Most news publishers have been cautious to enter the fast-growing space of affiliate marketing and embrace the revenue growth that e-commerce has driven, particularly in the last two years.
Traditional newsrooms can often be hesitant about their publications expanding the content-to-commerce model. They are concerned about further dilution of journalistic ideals in a modern news landscape that already places a premium on clicks and attention over mission-critical journalism.
However, as marketers have pivoted away from traditional digital display advertising and more toward growth areas like social video and performance marketing, news publishers should consider following suit and reconsider their willingness to produce more content that can drive affiliate revenues.
With the world economy outlook uncertain, it is critical, now more than ever, for publishers to consider this model as advertisers will consider shifting spend from fixed buys to more performance marketing in a recessionary environment.
Given the importance of diversifying and growing this revenue stream, there are several reasons news publishers should look to invest and grow affiliate commerce revenue.
Within the last decade, several long-standing and highly reputable publications — like The New York Times, New York Magazine, and Chicago Tribune — have expanded their affiliate content businesses. For many publications, these commerce-driven revenue streams have turned from small parts of the revenue mix to meaningful shares that continue to enjoy double-digit growth now. This is likely to be the case for the next few years.
Regardless of whether a publisher is just getting started on an affiliate commerce business or looking to accelerate, we’ve compiled a few key trends for publishers to consider.
Affiliate commerce-driven revenue has grown significantly since the start of COVID-19
In the last two years, digital advertising revenue has been through several ups and downs. There was an initial drop in mid-2020 followed by a fairly strong recovery over the last two years.
However, with traffic down for most publishers, display and video advertising has seen slowing growth this year, in particular. While traditional digital display and video have seen some instability, affiliate commerce has been a strong source of growth for publishers.

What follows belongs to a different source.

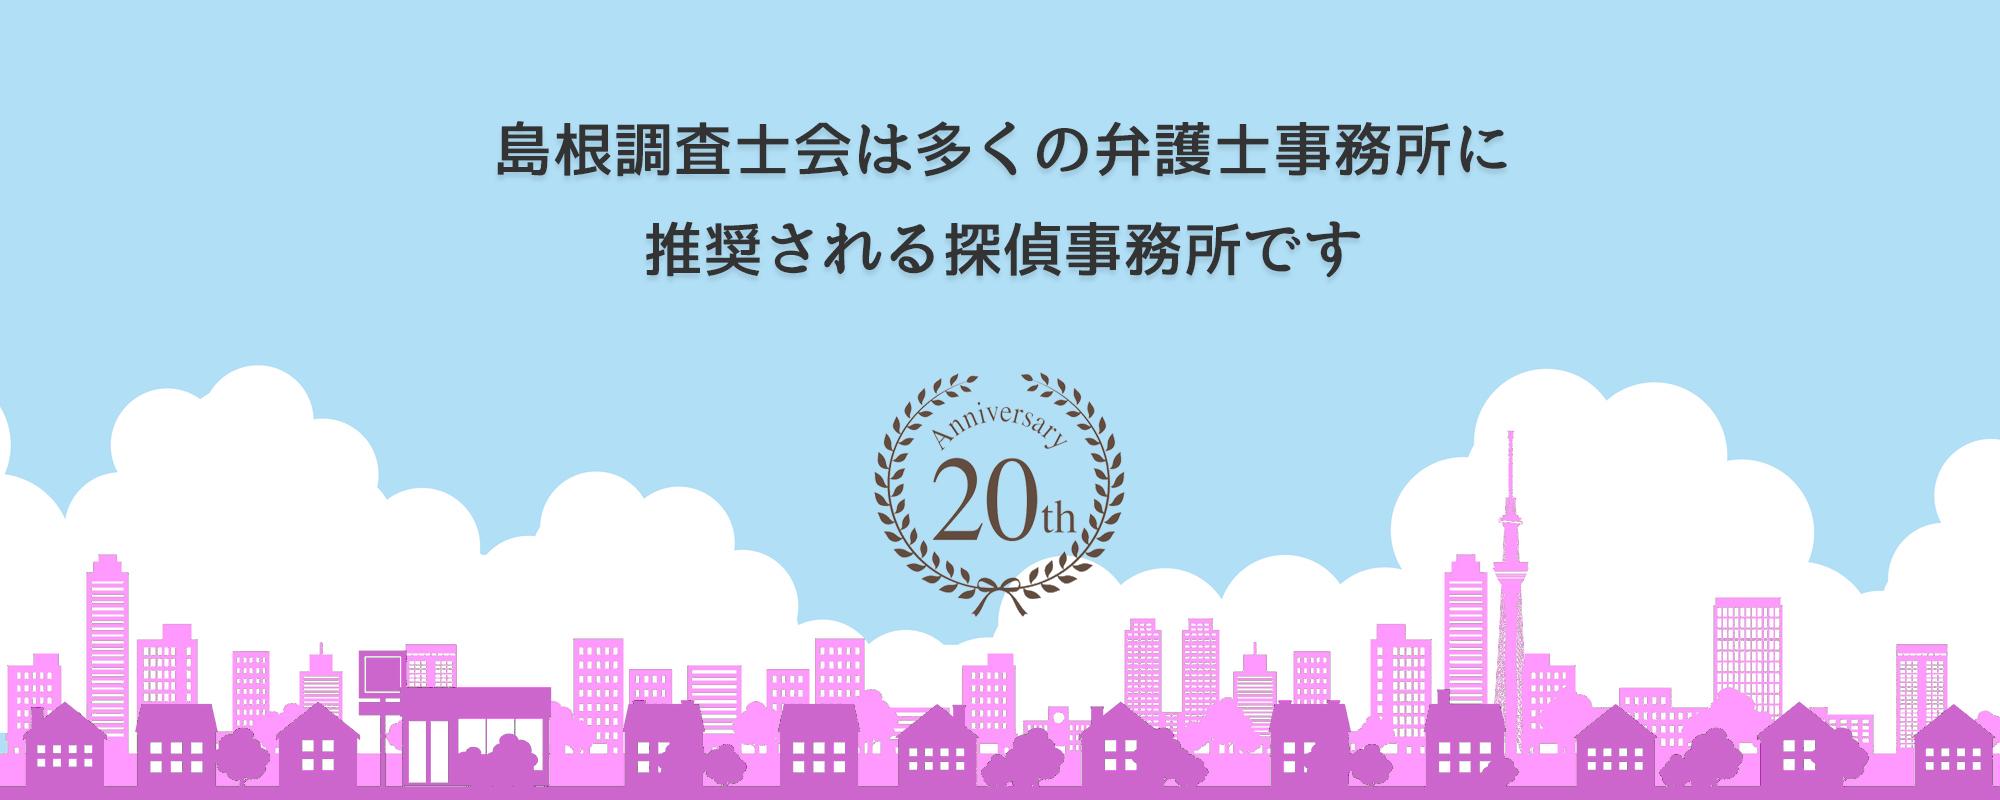 島根相談室は多くの弁護士事務所に推奨されています。

It is true that commerce-related content has become significantly more competitive at the same time. However, in many ways, news publishers are well-positioned to attract and monetise their current audiences — who often come through direct channels, e-mail newsletters, or even social media — rather than having to dominate in search to achieve a successful affiliate model.
Publishers can build powerful stand-alone brands to drive affiliate commerce without negatively impacting journalism
Multiple news publishing giants turned to acquisitions in the face of rising e-commerce demand. The New York Times and the USA Today Network acquired product-review sites to boost e-commerce affiliate marketing revenues but maintained the separation between the two sites. This stand-alone model has many benefits for both sites.
According to Mat Yurow, chief of staff and head of strategy at Wirecutter, The New York Times acquired Wirecutter in part “to build a single, really strong brand that covers a breadth of products and categories as opposed to creating a really confusing fragmented environment where people have to figure out which site to go to for any given product.”
By maintaining separation between the two sites, the Times maintains a clear division between what is primarily reviews and product recommendations from its main news outlet on the Web or app. However, the Times can still leverage its traditional news site and app to drive referral traffic to Wirecutter by linking their articles in its Smarter Living section, thus increasing Wirecutter traffic.
With potential cutbacks to ad spend, many advertisers may shift budget toward more performance-driven marketing
With advertising markets beginning to show signs of caution leading into the back half of 2022, publishers should take note of typical trends when ad spend recedes. Many advertisers will look to maintain their highest return-on-investment spend, which can often lead to a shift in spend toward more contingent and/or performance-driven marketing.
Consequently, there may be a scenario where we see a shift in spend more toward affiliate-driven deals if there is a pull-back in advertising spend due to an economic slowdown or recessionary macro-environment.
As we look even further to 2023, publishers may play an even more critical role in the online shopping journey if third-party cookies are phased out on Chrome. Since retargeting may be more difficult and/or less efficient, advertisers may look even more to publishers who have content that can target users with purchase intent.
With a more robust package of inventory, including contextual ads and affiliate links, publishers with a strong content-to-commerce model may be well-positioned to take advantage of the shift in spend from retargeted advertising.
Affiliate marketing revenues will be a major piece of most publishers’ revenue mix going forward
As publishers continue to diversify revenue, the affiliate marketing model will become a critical contributor to the overall business model. As demonstrated by the success of traditional news publishers like The New York Times, news publishers should feel confident that affiliate marketing business models can not only coexist but actually thrive along with strong journalism.